Yes, Charlie Horlock was forced into two successive saves of great quality and Da Silva cleared one from the line – and indeed our former Hitchin hero in Isaac Galliford, who came on as substitute, should really have put the game beyond doubt on two occasions. Perhaps he was the victim of sentiment – but I think not.
Humour was not absent, and when our assistant manager asked a seemingly rhetorical question as he exhorted his team with ‘ Who is listening to me?’ The taunting reply from the Hemel directors’ box was ‘No-one, mate’. Our hooded assistant manager continued undaunted. Life taunts us from time to time.
We were pleased that there was a bit of stylish play from Hitchin to match the sweeping moves of the hosts. Yes, they were generally intercepted, but it was nice to see, all the same. It was three-nil and I was pencilling in notes that would reflect the superiority of technique from the higher placed hosts, but that the score was a fair reflection of the game.
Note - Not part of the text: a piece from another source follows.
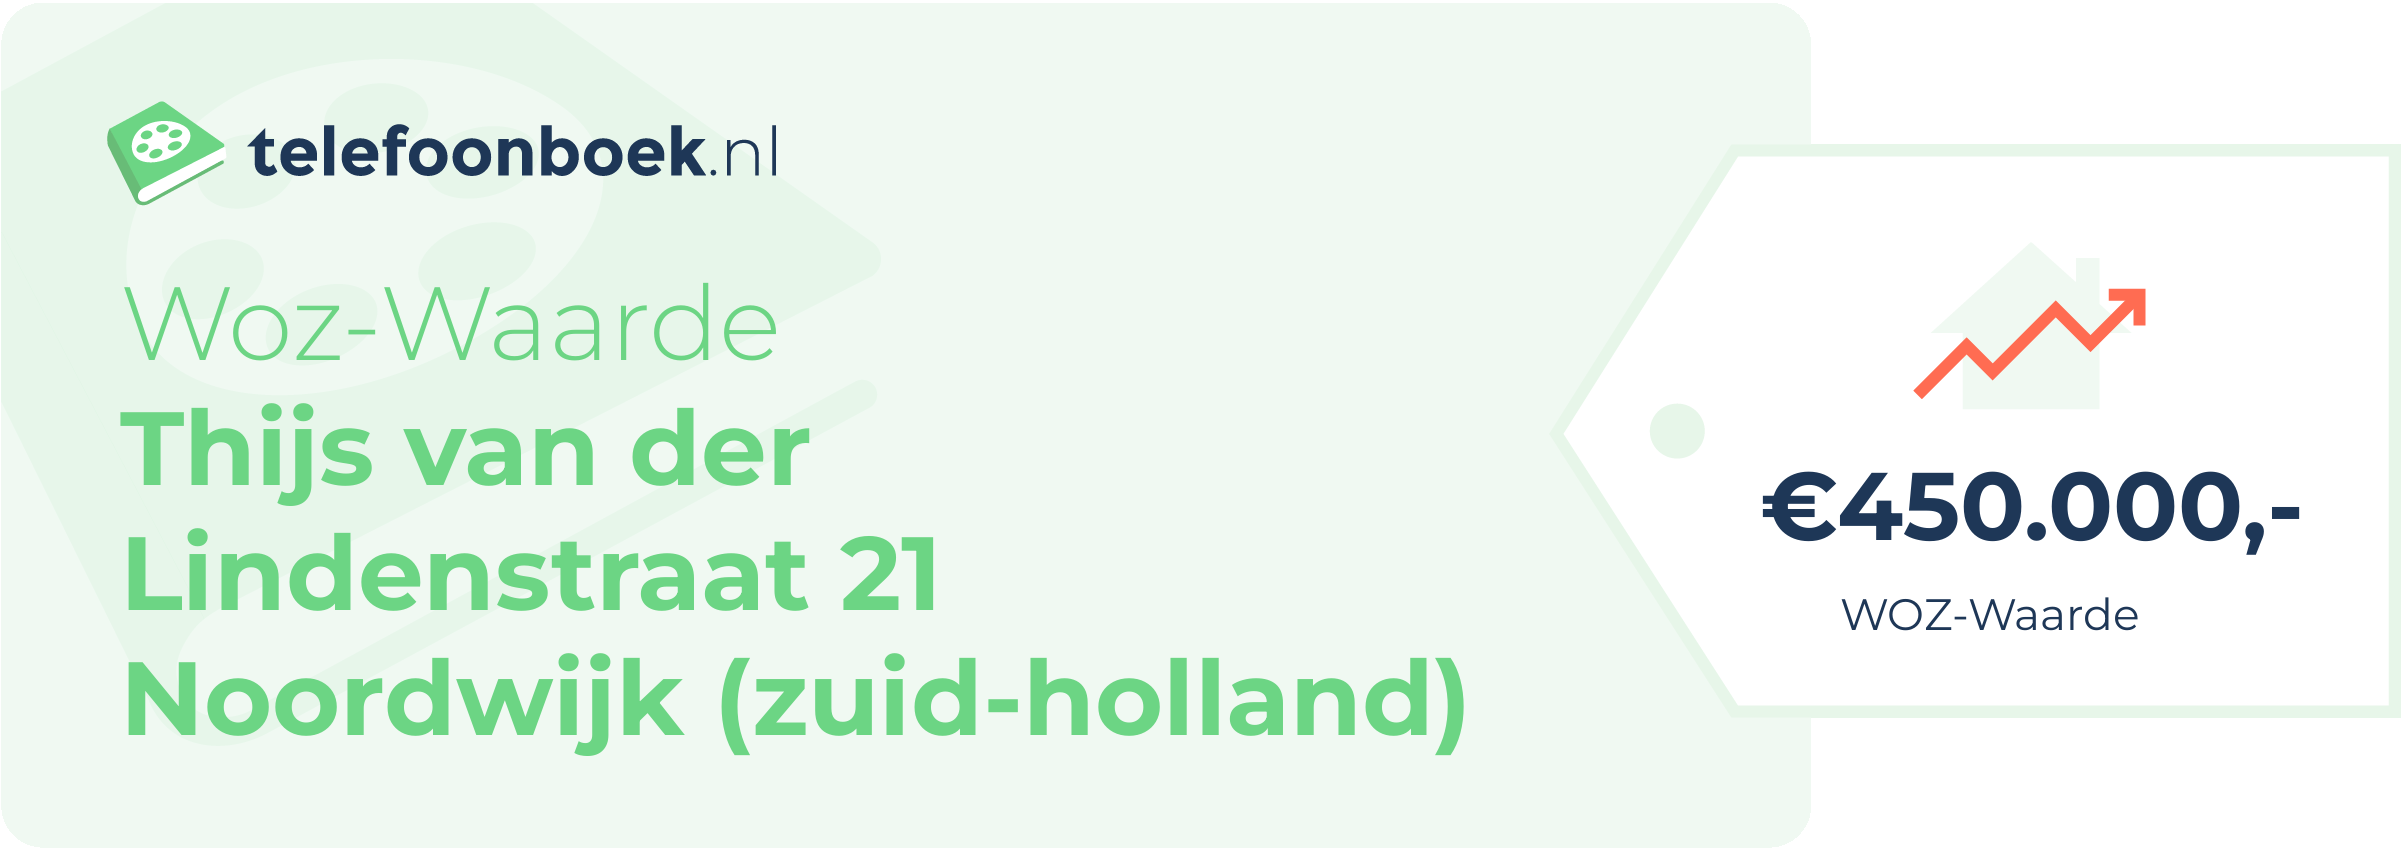 WOZ-waarde Thijs Van Der Lindenstraat 21 Noordwijk (Zuid-Holland)

When Kye Tearle came on as a substitute, our secretary Roy Izzard was supplying me with ‘copy’ insofar as this youngster whose number sixteen shirt reflected his age makes him, according to Roy, the youngest player to turn out for a Hitchin first team. Roy’s word on such matters is always unchallenged, and he was earnestly cheering on the youngster who came quite close to being the youngest ever player to score for the Canaries, by definition. Alas, he did not, but Bradley Bell, another substitute, scored not once, but twice and the first of these with a back heel that might have made our absent programme secretary concede it was a bit of cheeky skill.
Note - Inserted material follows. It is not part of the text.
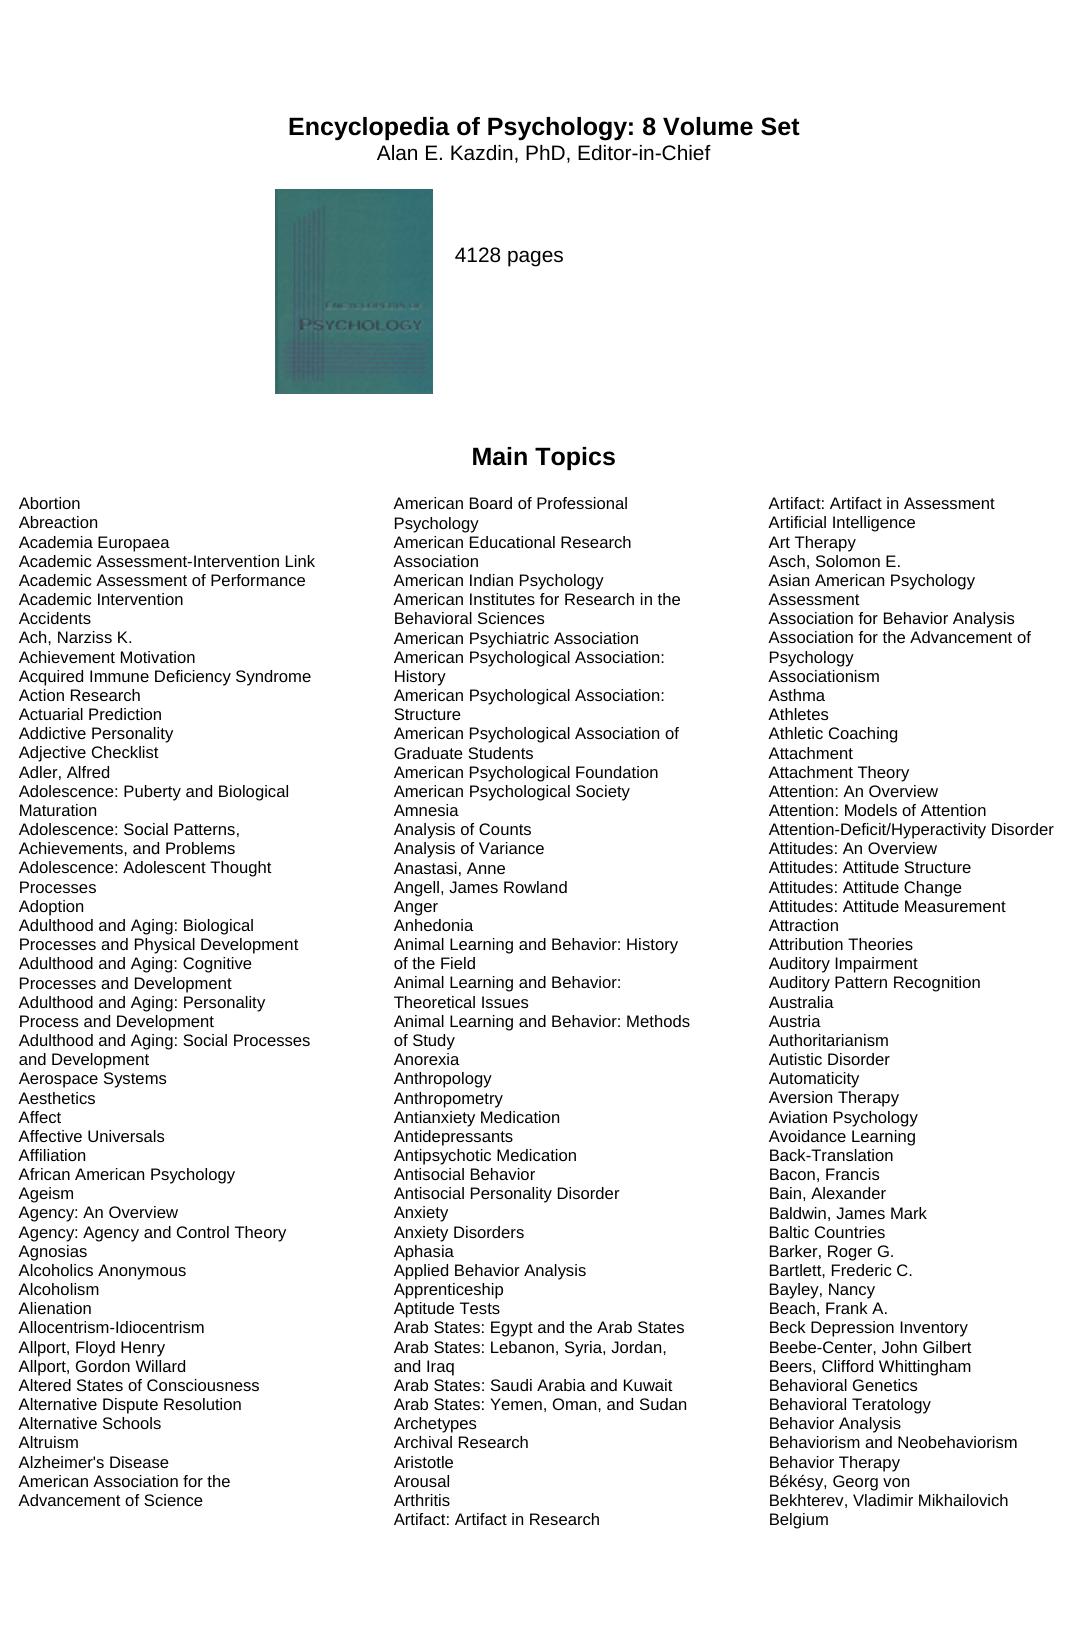 Encyclopedia of Psychology 8-Volume Set

That back-heeled goal was accepted as a stylish bit of consolation, but after the second went in there was a bit of a panic in the home side and , good lord we saw four cautions for time wasting in as many minutes and was it because our illustrious opponents were getting a bit rattled. Oho, can we play you every week?
Yes, the hosts wasted a couple of efforts that they really ought to have scored from but the underdogs had a bit of bite and when Bell made it 3-2 it was the manner of the goal rather than the goal that mattered. By this I mean there was a persistence close to the by-line to keep the ball in play and insist on trying to get in a fair pass. This is what happened and it was 3-2.
It was not just a quixotic gesture, and eyebrows were raised when Ryan’s header beat Beasant but the assistant ruled it off-side. That is all part of the script one supposes. I chuckled inwardly at the thought of Hitchin getting a late penalty and when the question was asked as to who should take it, there would be players looking the other way, their hands in their imaginary pockets with a non-committal whistling.
It was too late of course. The official digital clock was understating and it ended with a win for the hosts but it had not been as easy as it might have been. I was indeed proud of the show put on by the lads in green. This was no pushover but a tight finish and there was very nearly an upset. But I am pleased that we avoided the penalty shoot-out, all the same.
For a domestic cup tie it seemed to elevate itself beyond that downbeat description, and I am glad of it.
If nothing else it was excellent preparation for the visits of high-flying Royston Town to Top Field on Saturday and then the rejuvenated Leiston on the following Monday.
HEMEL HEMPSTEAD TOWN
Sam Beasant, Jaques Kpohomouh, Tosan Popo, Luke Howell, (Tyrone Sterling), Connor Essam, captain, Aron Davies, cautioned, Jack Midson, GOAL, 39 MINUTES, (Isaac Galliford), Jake Evans,GOAL, 27 MINUTES, cautioned, Aaron Jarvis, cautioned, Rob Sinclair, (Deon Moore), Sam Ashford, GOAL, 55 MINUTES.
Substitutes not used – Mitch Dickenson and Kofi Halliday.
Charlie Horlock, Jack Green, Layne Eadie, Ryan Smith, Dan Webb, captain, Josh Bickerstaff, Lewis Barker, Max Ryan, Stephen Cawley, (Brett Donnelly), Alex Marsh, (Bradley Bell -TWO GOALS, 78 AND 82 MINUTES), Rio Da Silva, (Kye Tearle, 72).
Substitutes not used – Josh Coldicott-Stevens and Lewis Rolfe.
REFEREE: Mr Lee Grimesy, assisted by Mr tom Cartwright and Ms Joanne Horwood.